### What is expected
Every line below should come back exactly as written, though the pictures stay out.

### Collected data

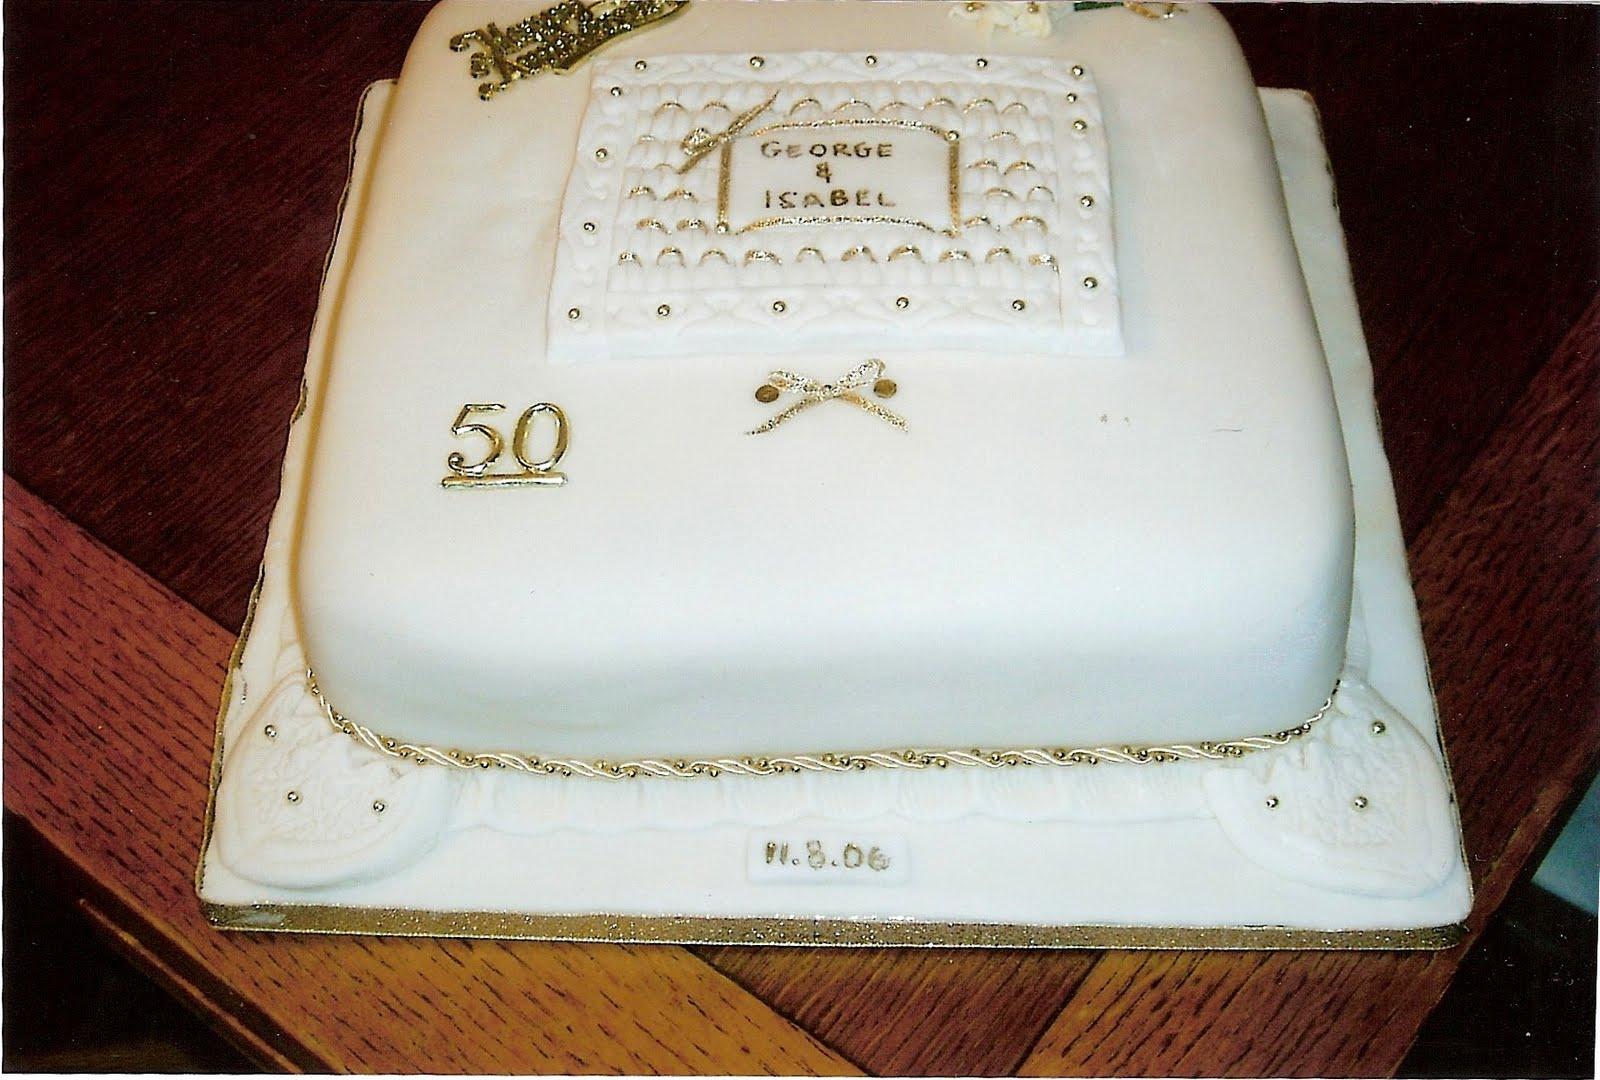 Cake Decorating: Golden Wedding cakes (August 2006)
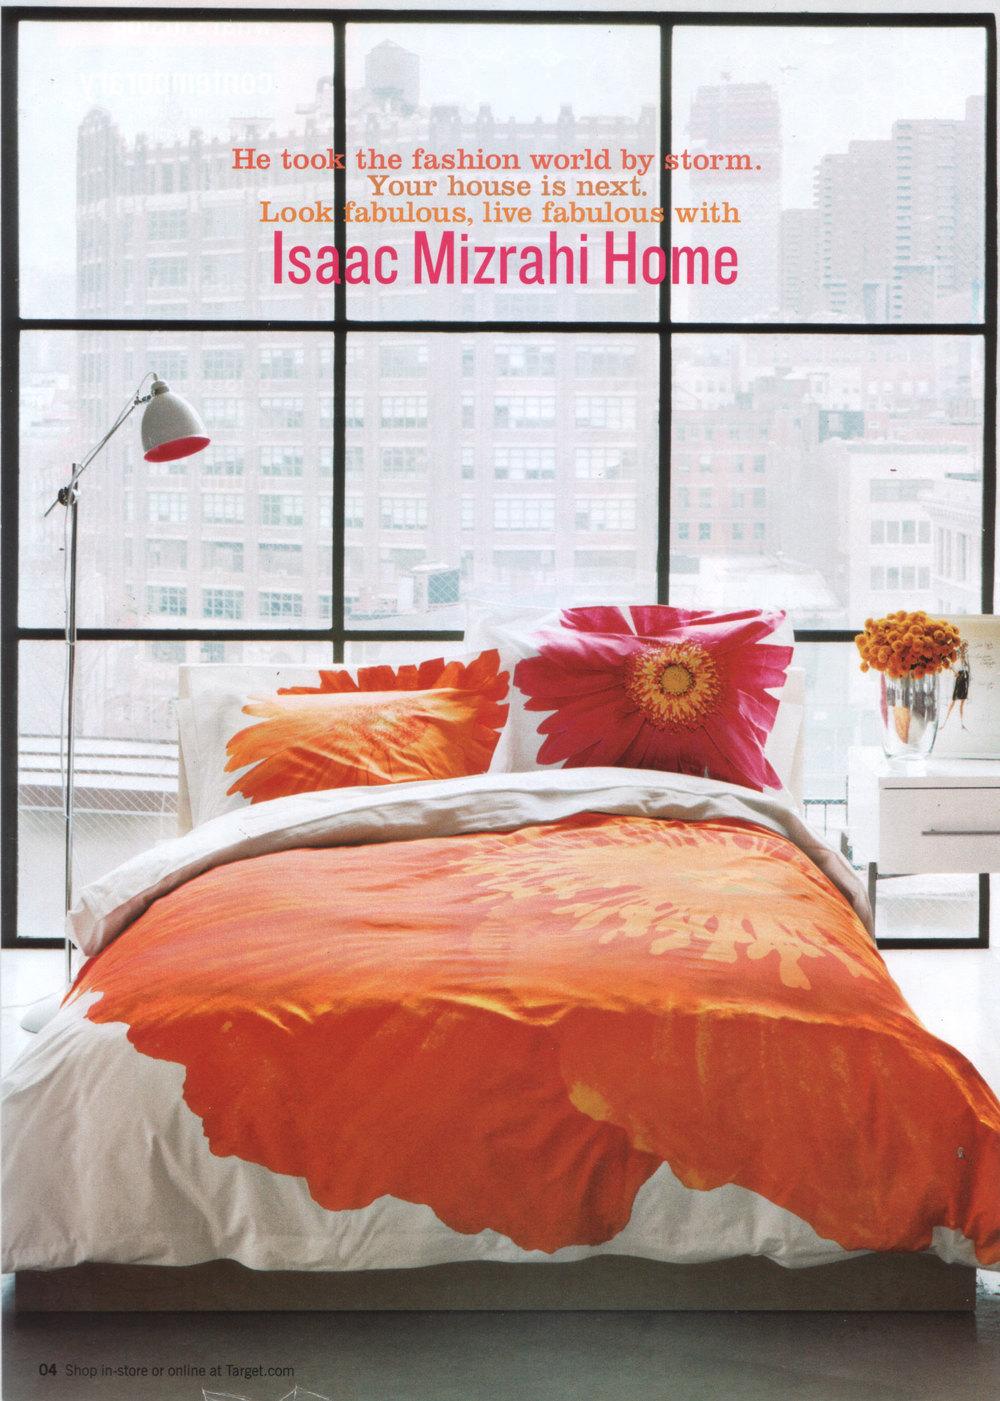 Ordinaire Home Collection For Target / Isaac Mizrahi
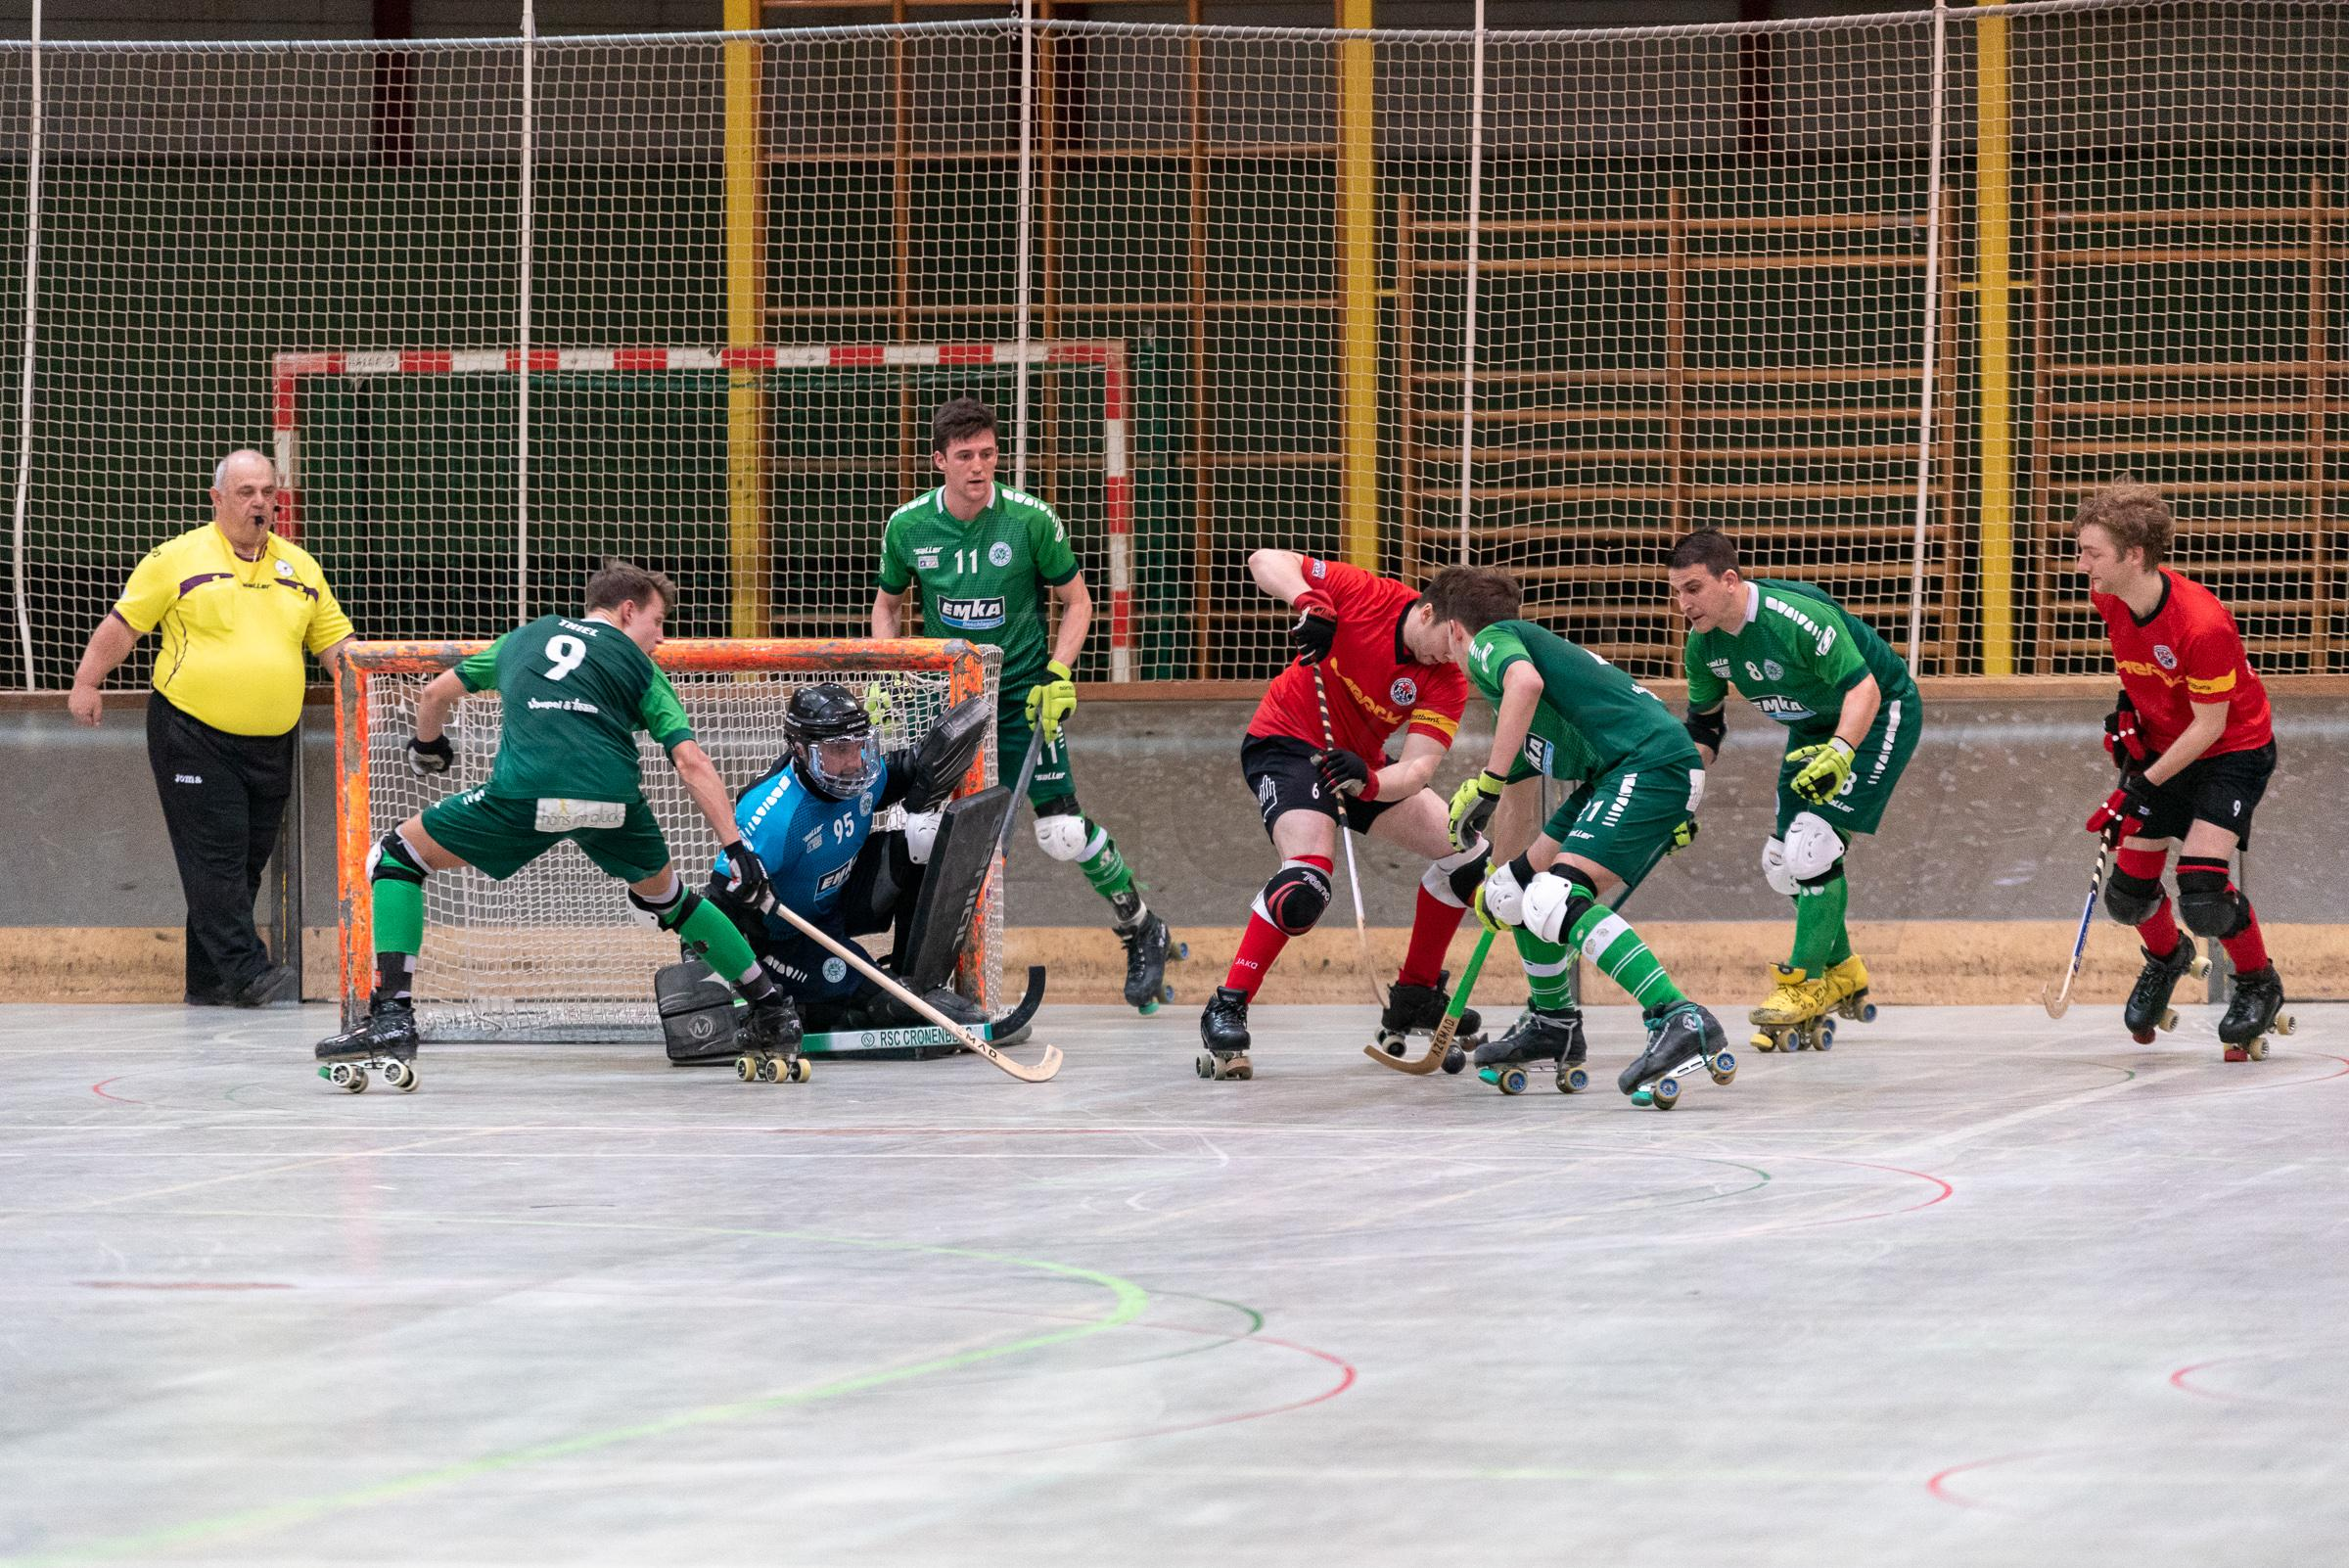 RSC Cronenberg Rollhockey DRIV-Pokal Halbfinale Herren 30.03.2019

### Result of this exercise
 Cake Decorating: Golden Wedding cakes (August 2006)
 Ordinaire Home Collection For Target / Isaac Mizrahi
 RSC Cronenberg Rollhockey DRIV-Pokal Halbfinale Herren 30.03.2019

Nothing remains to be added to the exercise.